Transcribe all of the data exactly. Images stay out.

-- Data section --

----

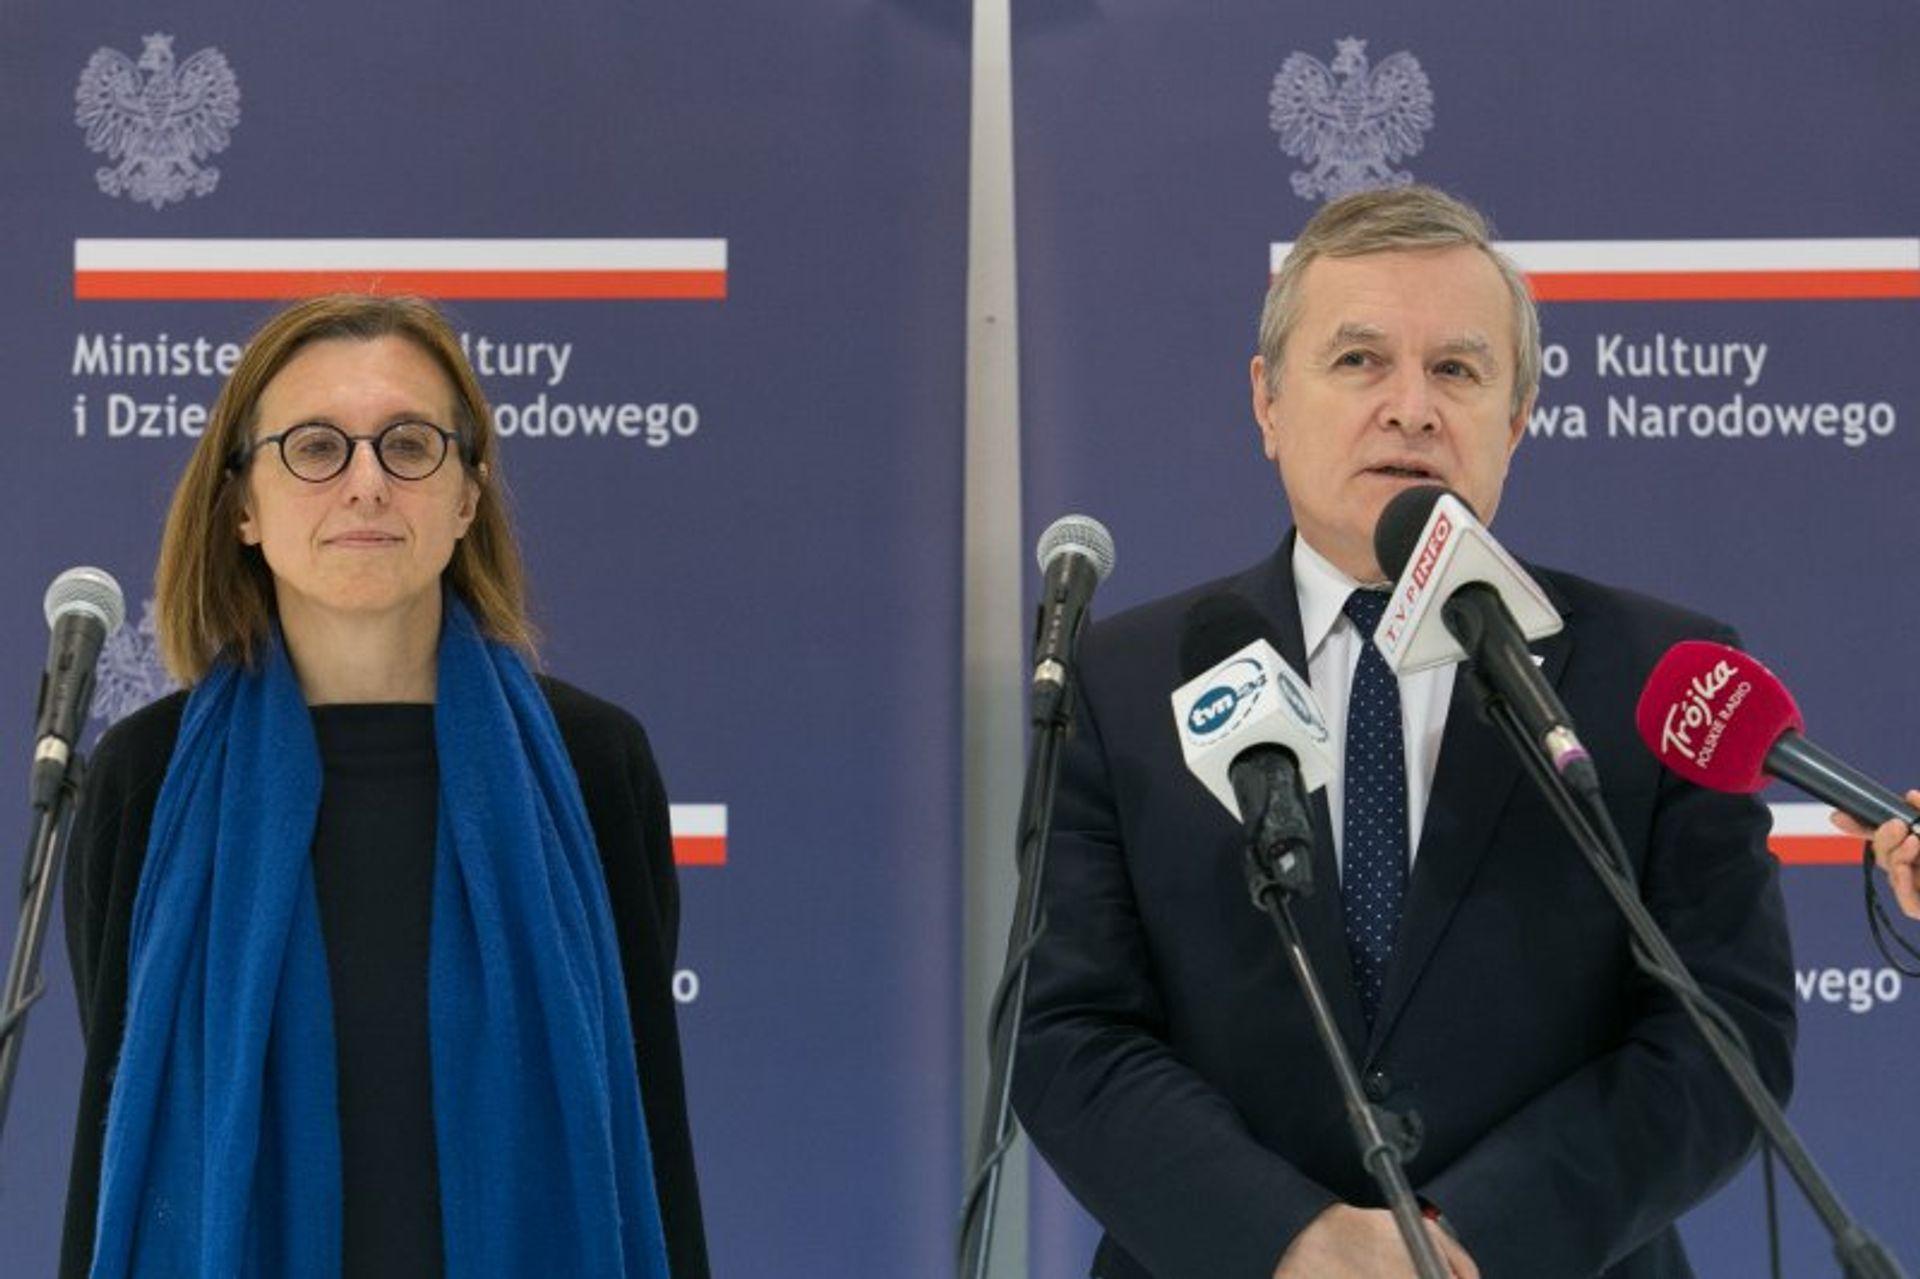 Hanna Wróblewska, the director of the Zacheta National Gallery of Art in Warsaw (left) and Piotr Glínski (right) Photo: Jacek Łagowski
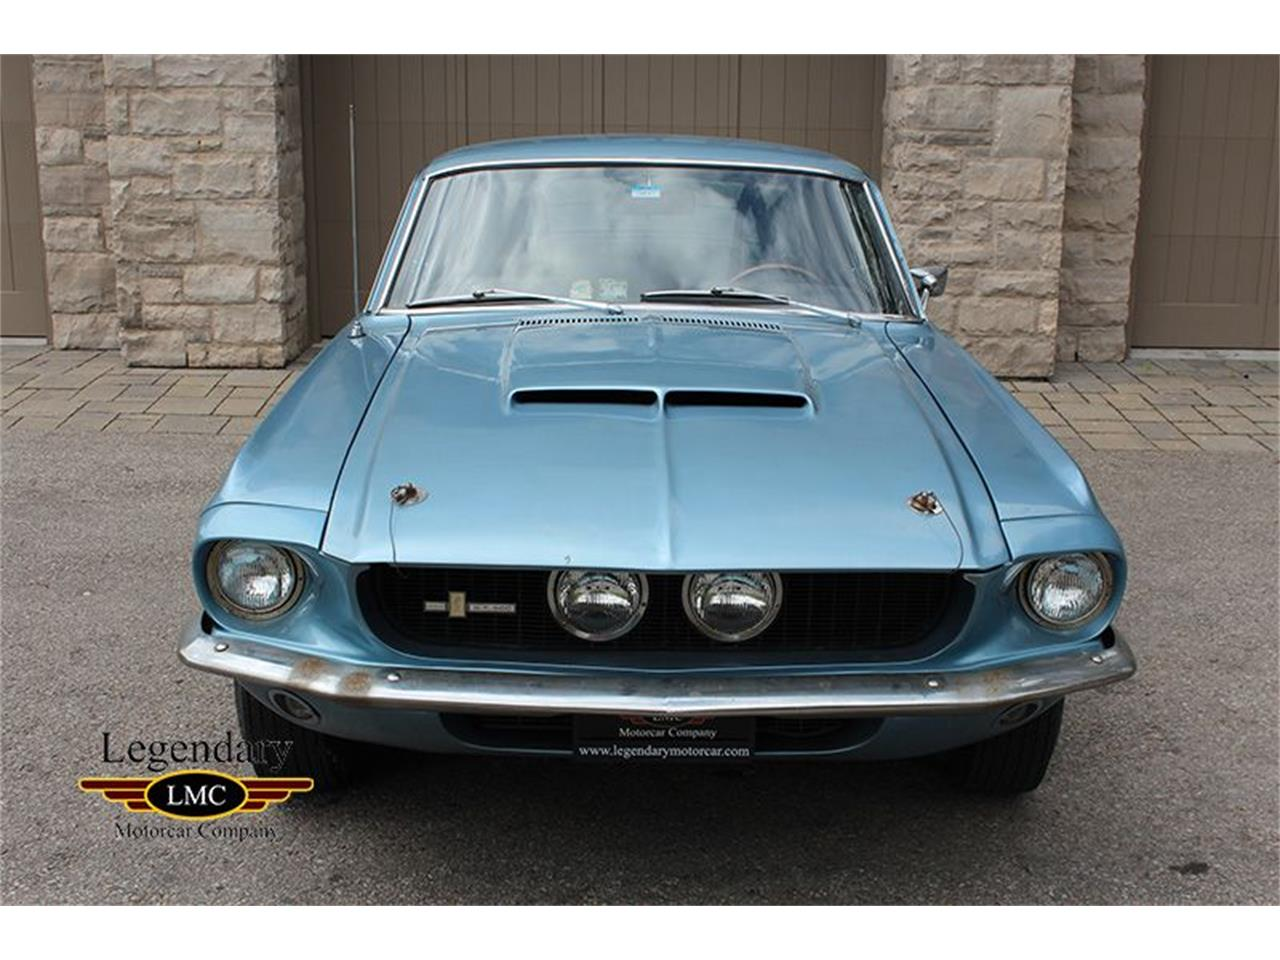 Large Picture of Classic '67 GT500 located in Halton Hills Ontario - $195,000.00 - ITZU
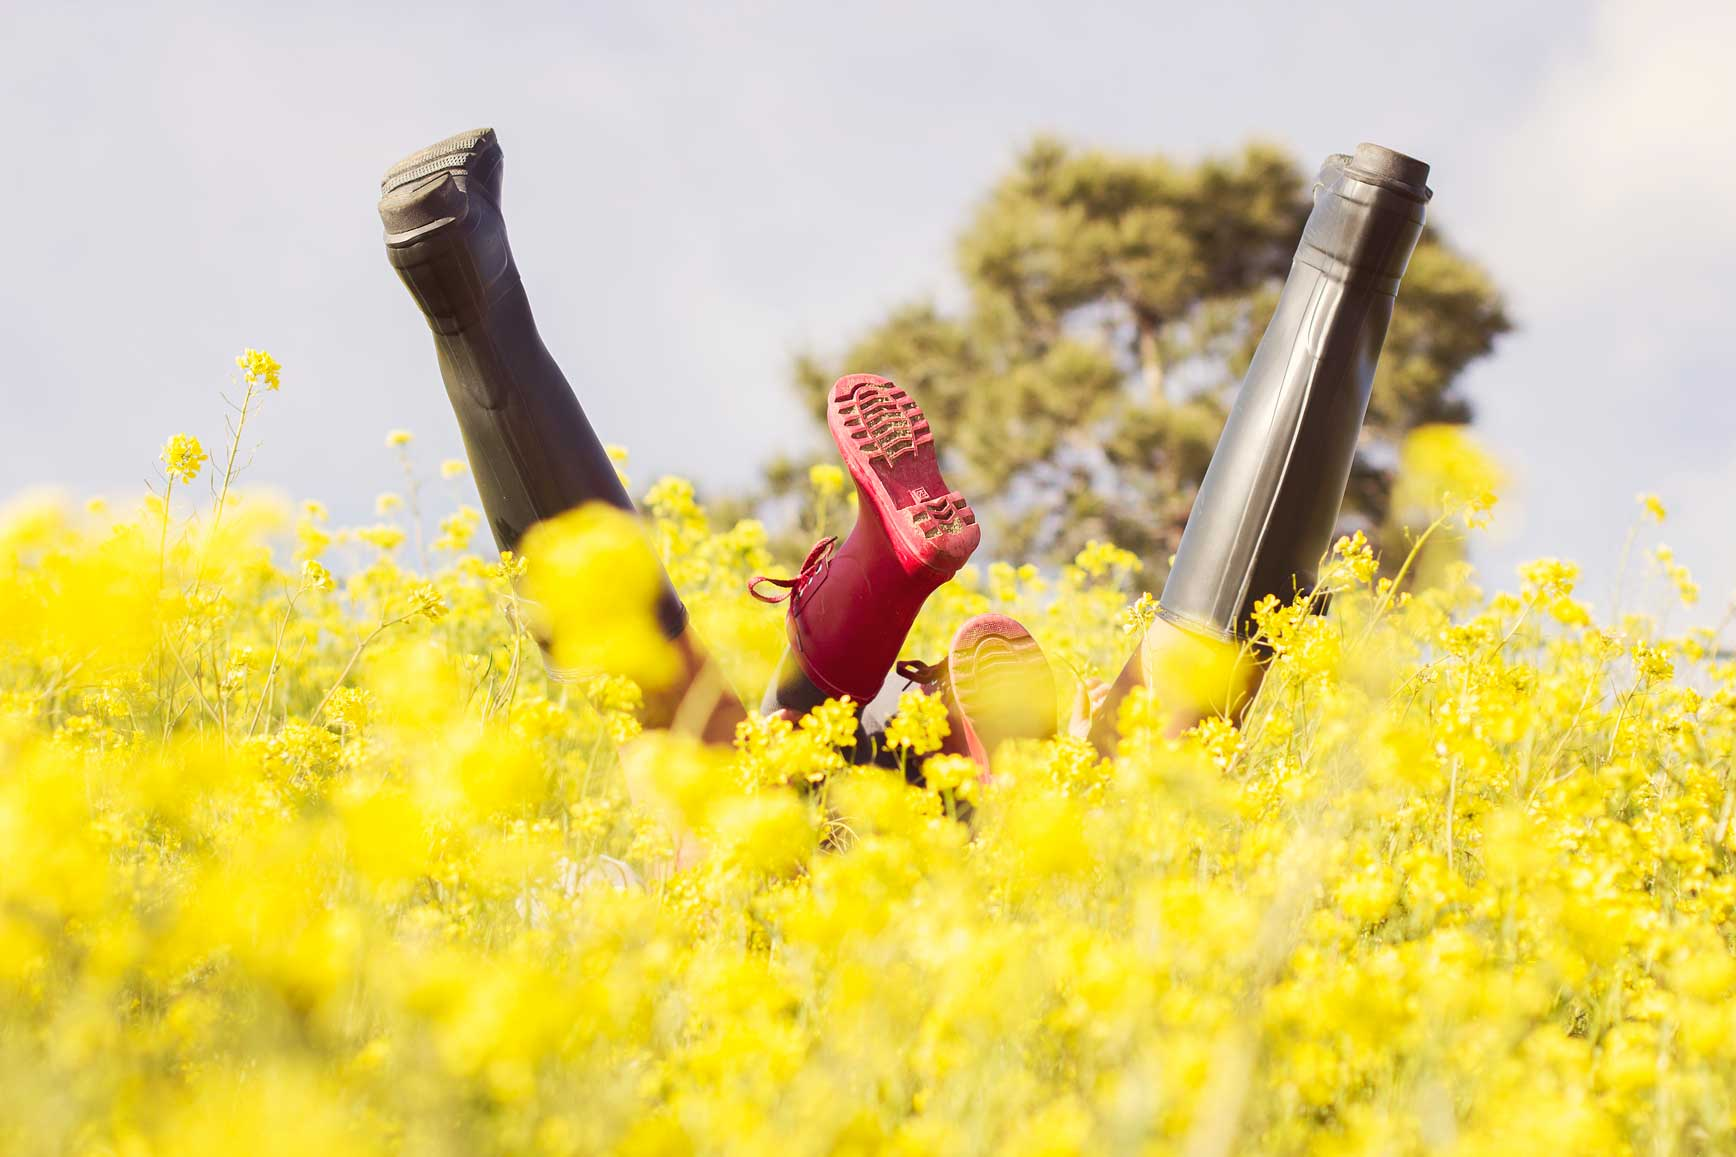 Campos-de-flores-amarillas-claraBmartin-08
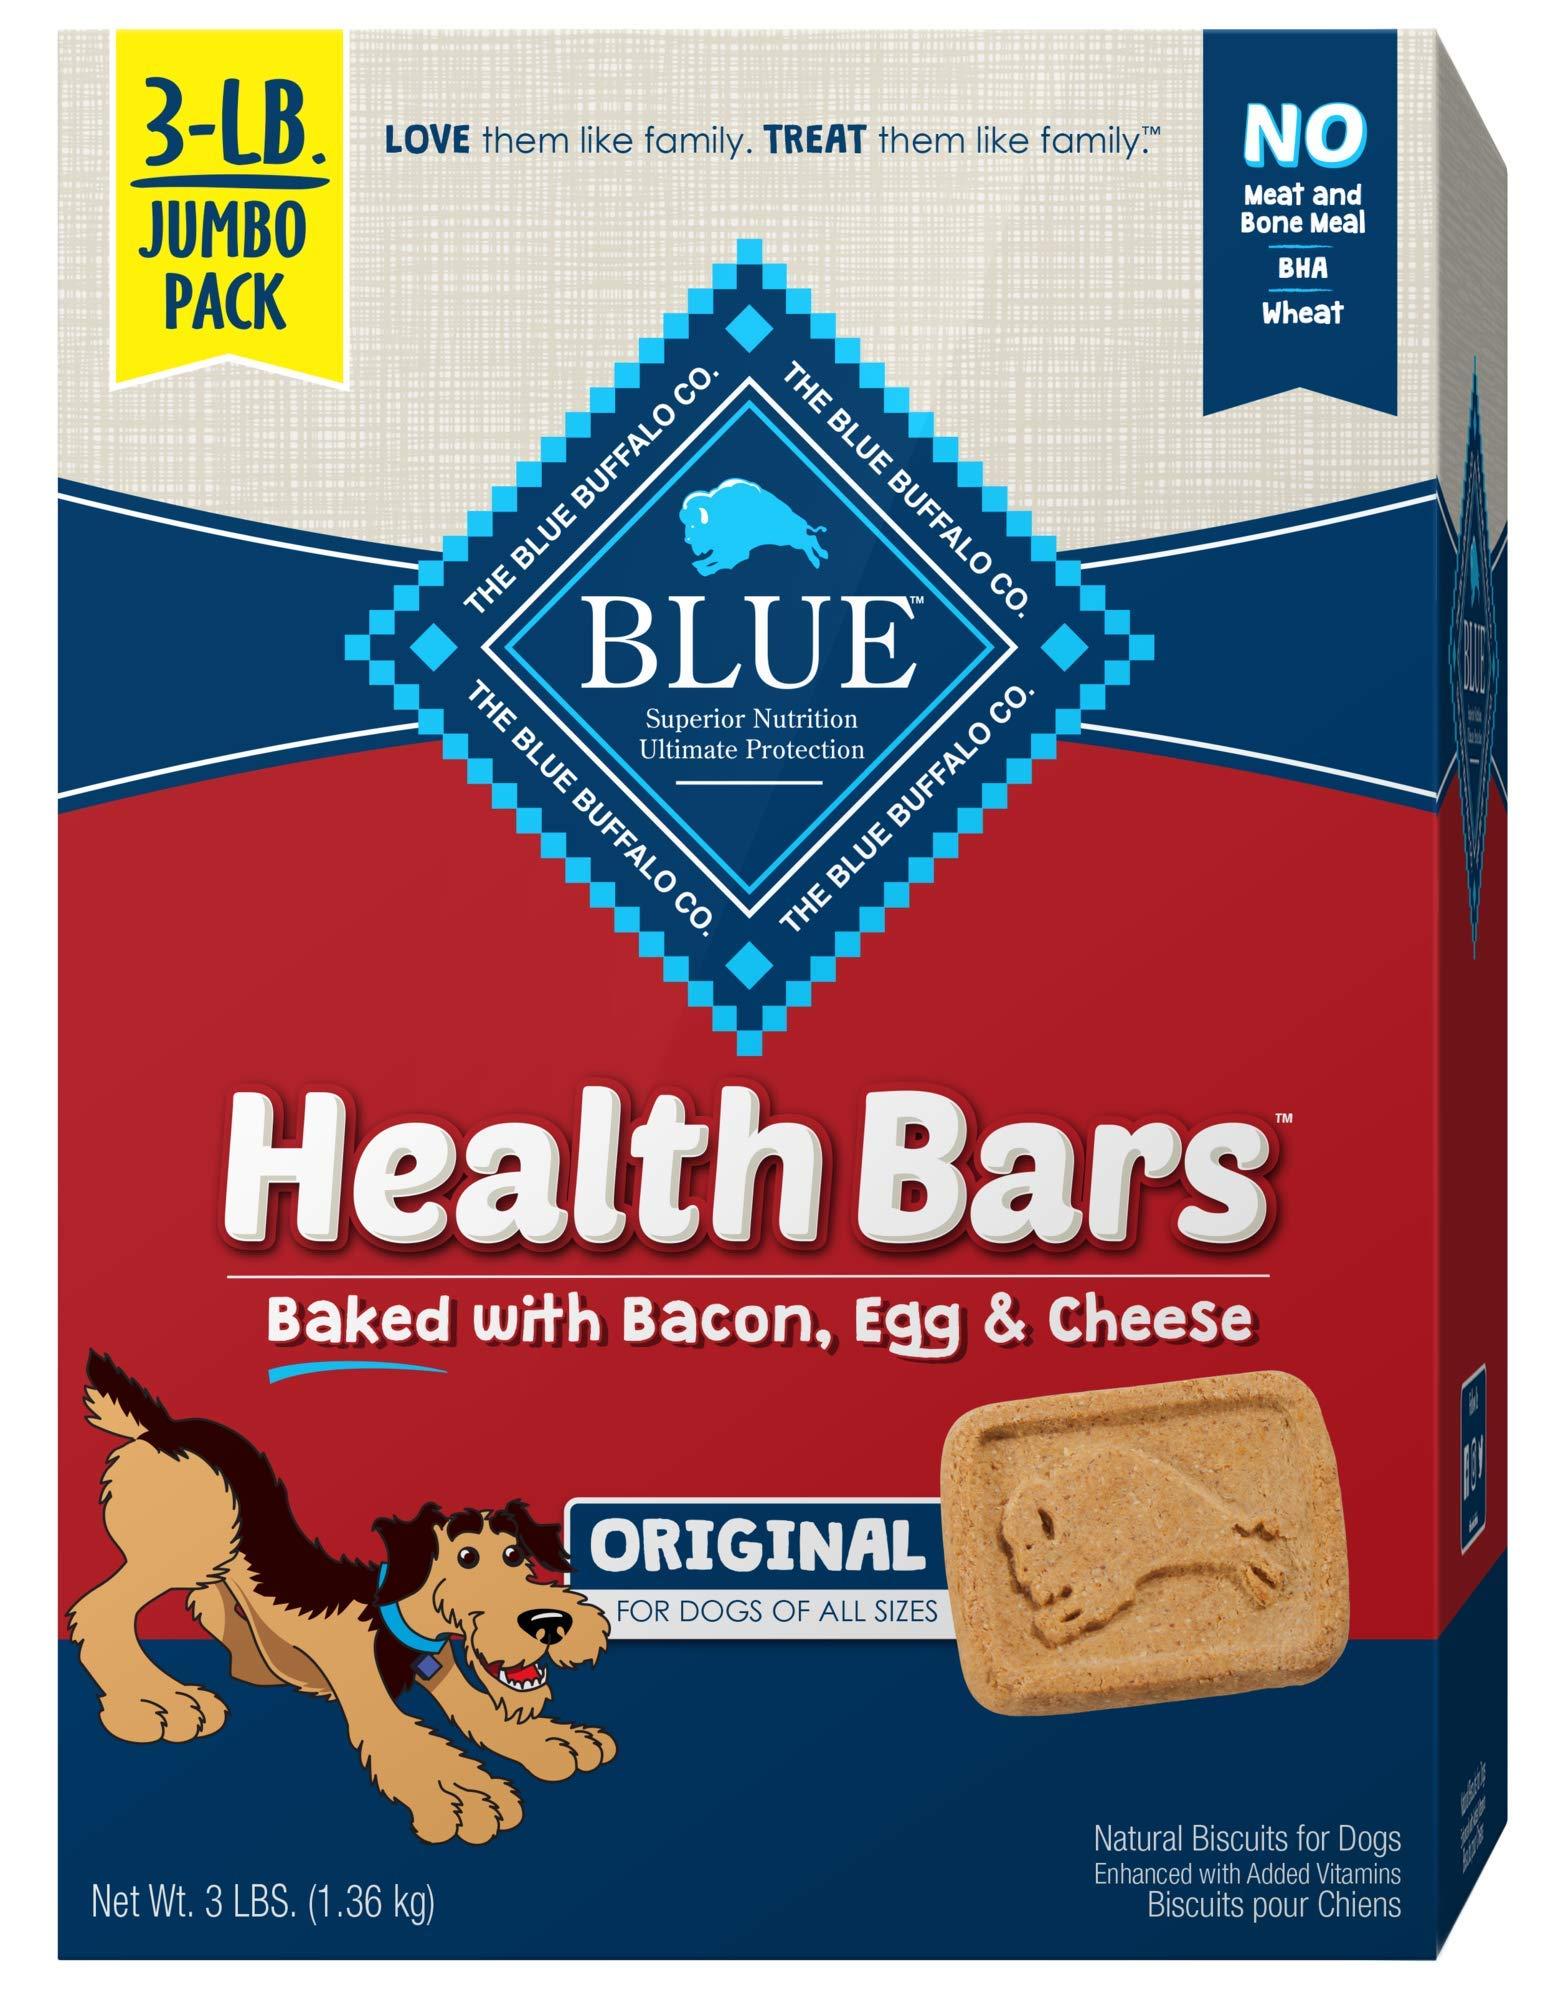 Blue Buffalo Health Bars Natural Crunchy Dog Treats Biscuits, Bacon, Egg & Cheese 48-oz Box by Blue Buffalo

----

-- Answer for the task --
 Hanna Wróblewska, the director of the Zacheta National Gallery of Art in Warsaw (left) and Piotr Glínski (right) Photo: Jacek Łagowski
 Large Picture of Classic '67 GT500 located in Halton Hills Ontario - $195,000.00 - ITZU
 Campos-de-flores-amarillas-claraBmartin-08
 Blue Buffalo Health Bars Natural Crunchy Dog Treats Biscuits, Bacon, Egg & Cheese 48-oz Box by Blue Buffalo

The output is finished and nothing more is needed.